"""
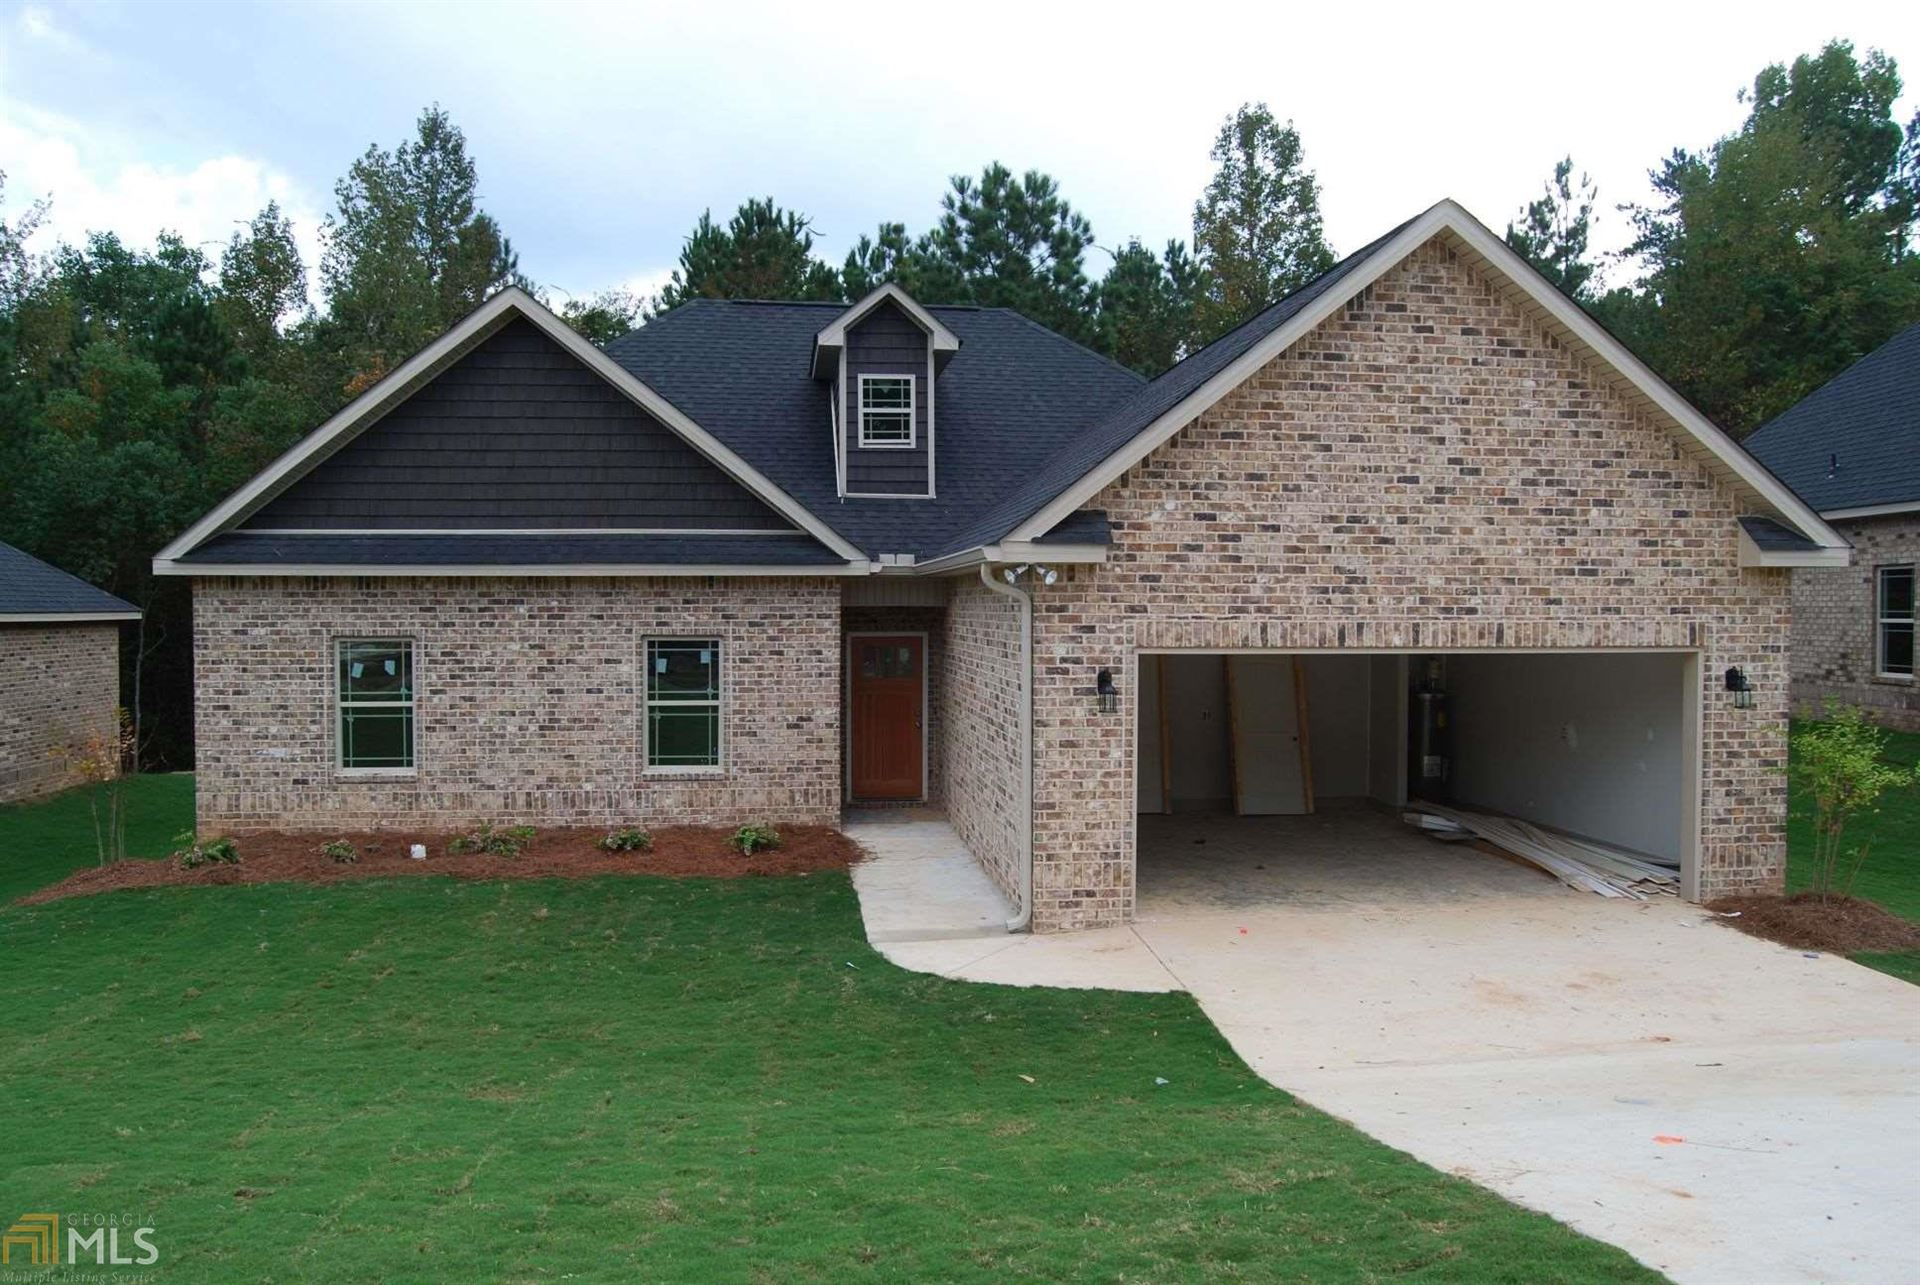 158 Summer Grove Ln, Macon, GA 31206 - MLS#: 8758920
"""
"""
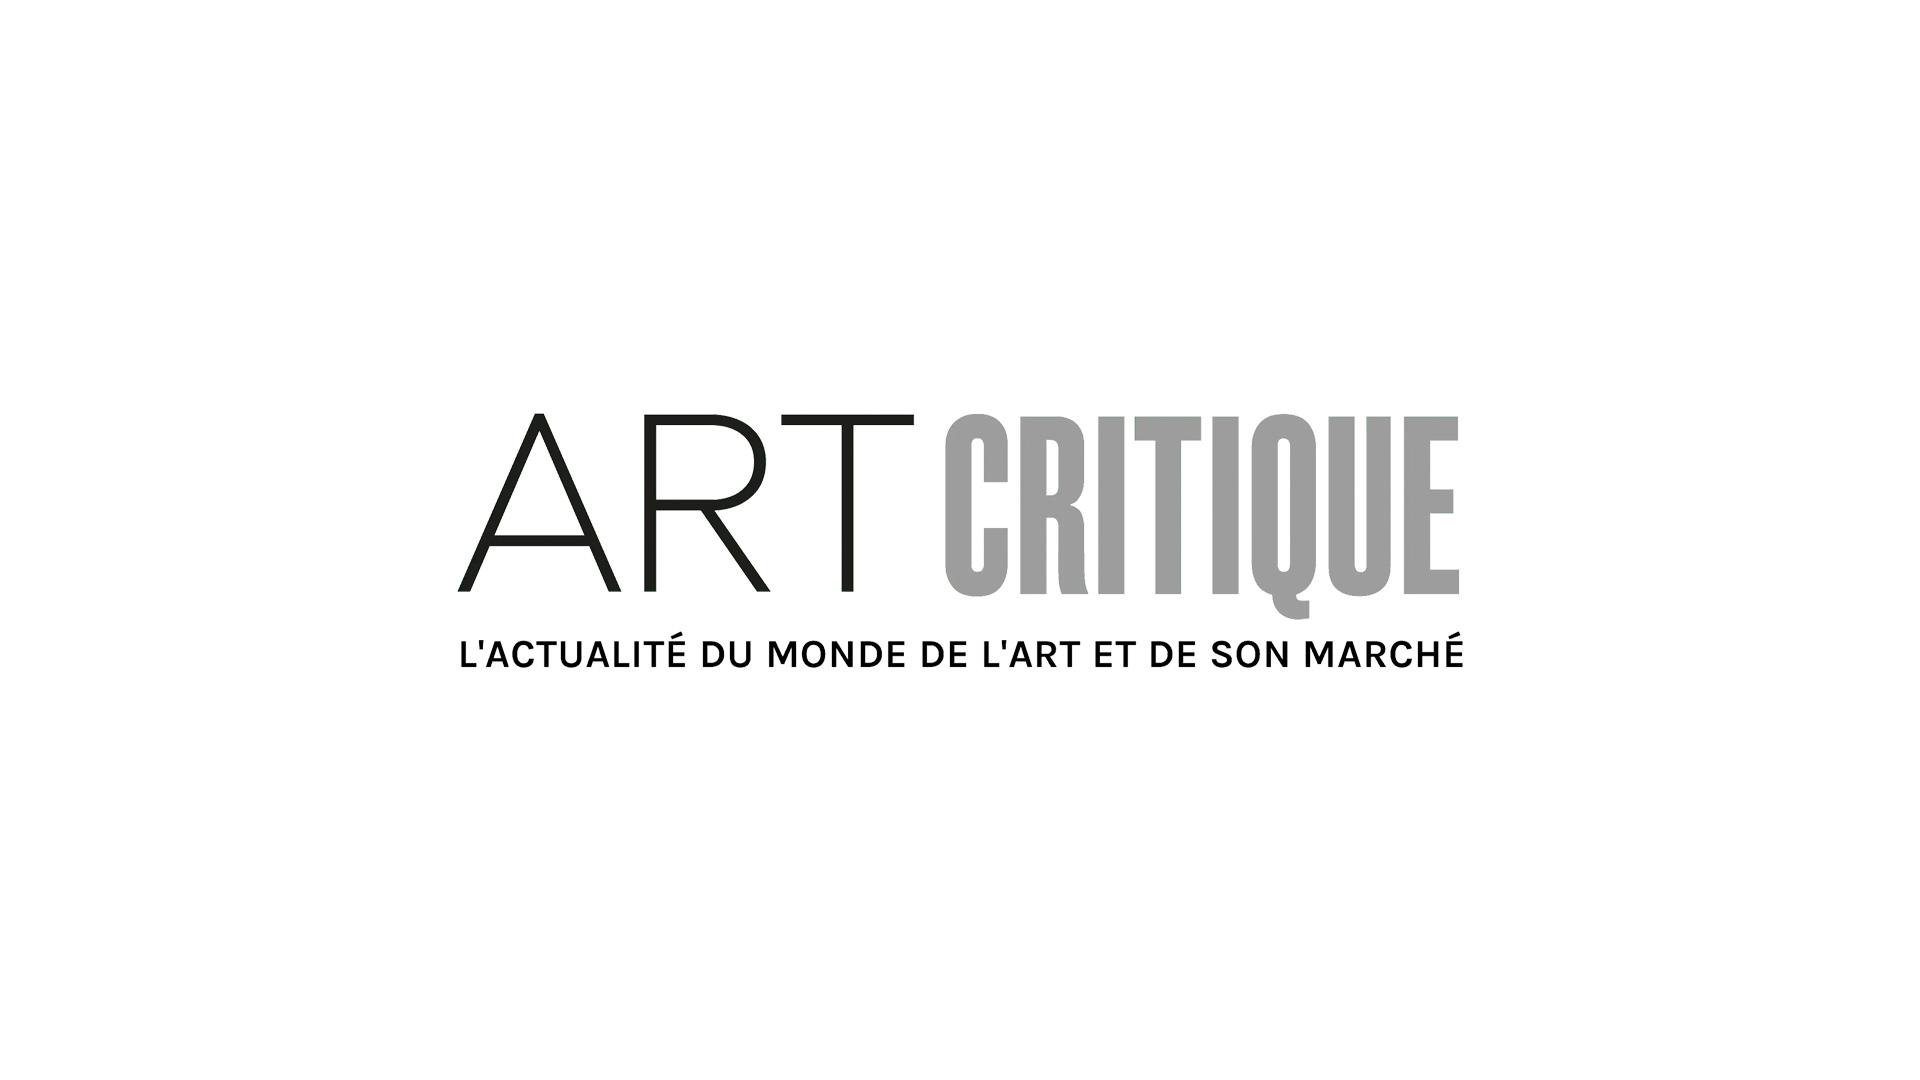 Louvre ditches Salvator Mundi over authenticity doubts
"""
"""
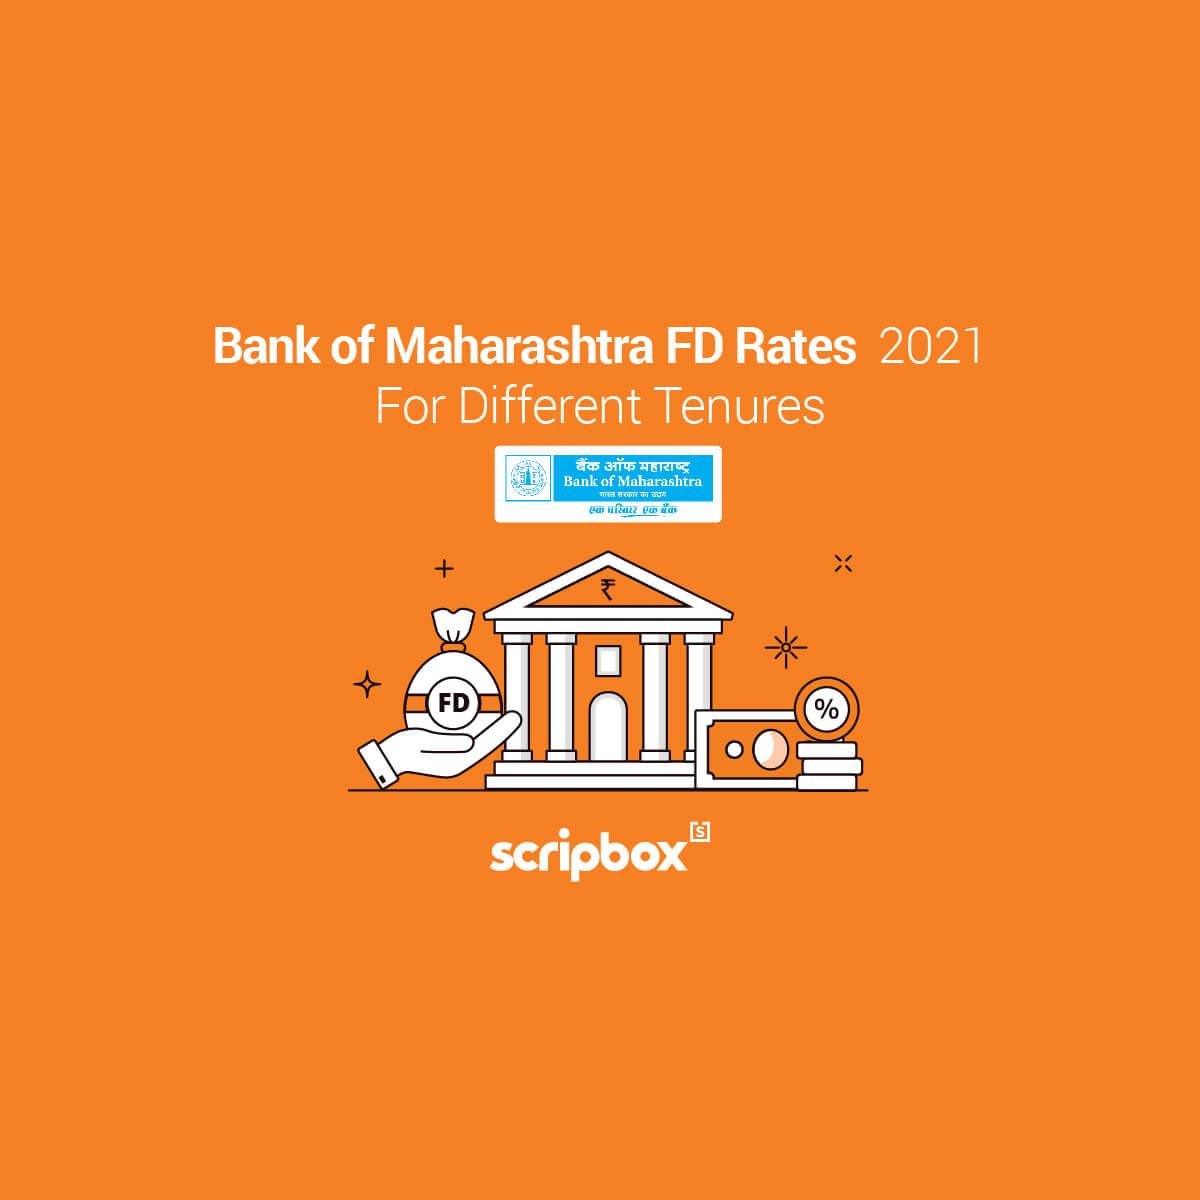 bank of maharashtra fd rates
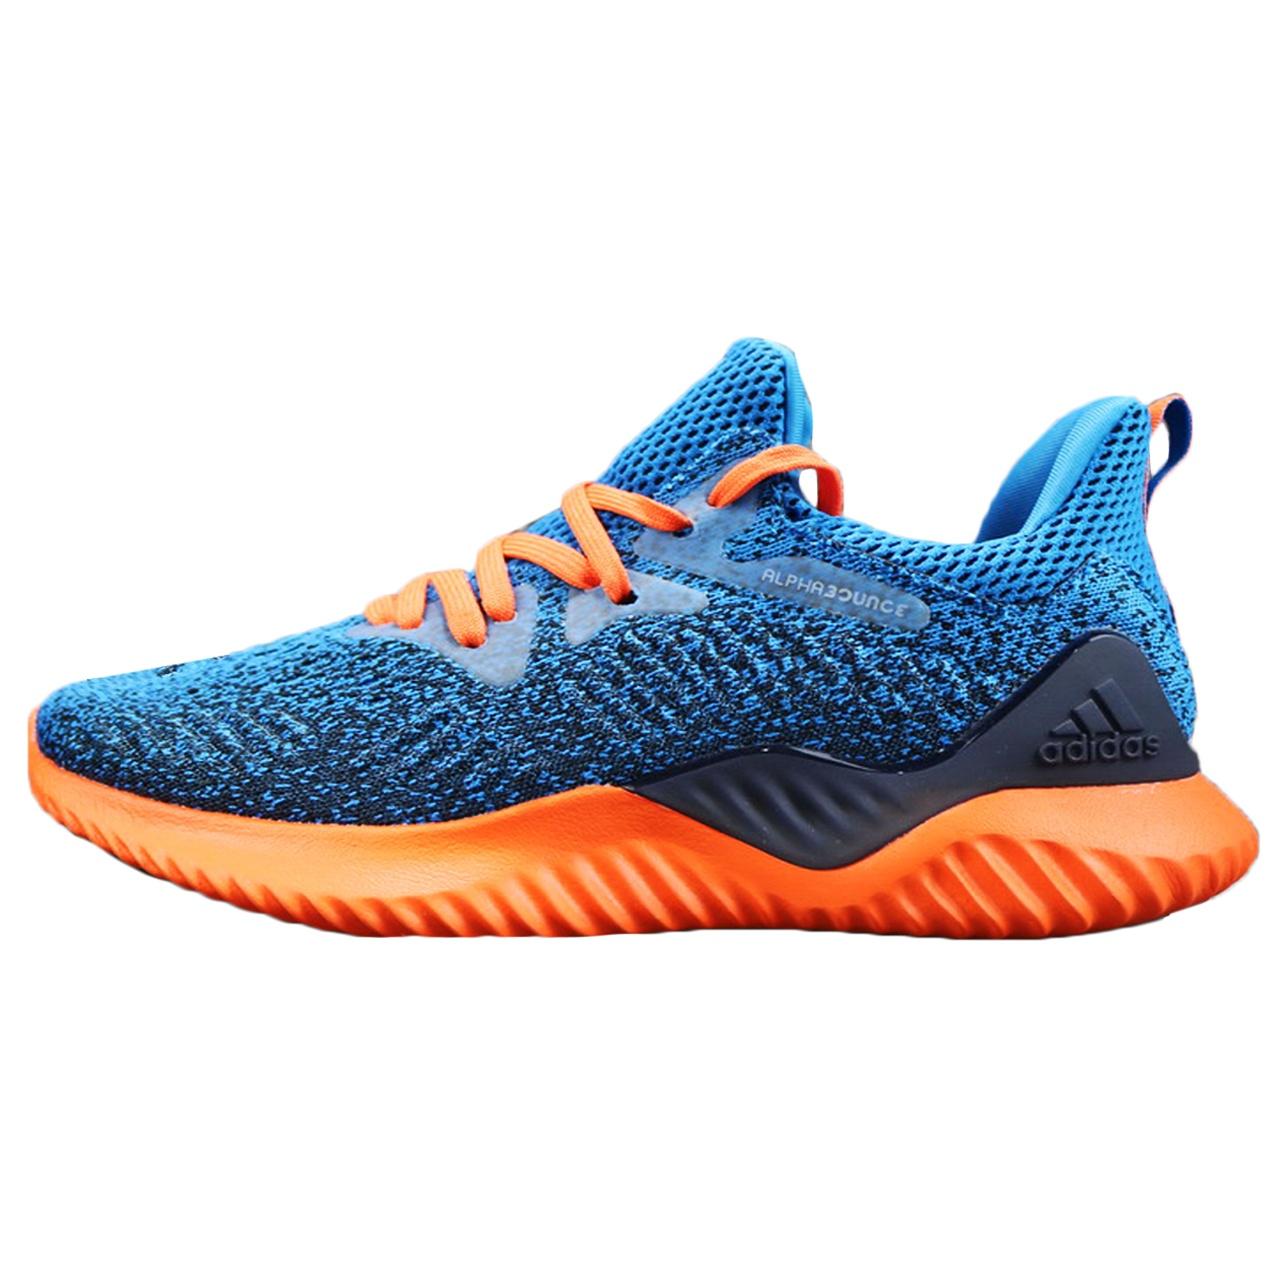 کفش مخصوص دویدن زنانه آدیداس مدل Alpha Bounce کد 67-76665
"""
## EXERCISE DETAILS
Only one part of the listing is wanted: the lines from the one containing "bank of maharashtra fd rates" through the one containing "کفش مخصوص دویدن", both included. Please transcribe it exactly, leaving out the pictures.

## EXERCISE RESULT
 bank of maharashtra fd rates
 کفش مخصوص دویدن زنانه آدیداس مدل Alpha Bounce کد 67-76665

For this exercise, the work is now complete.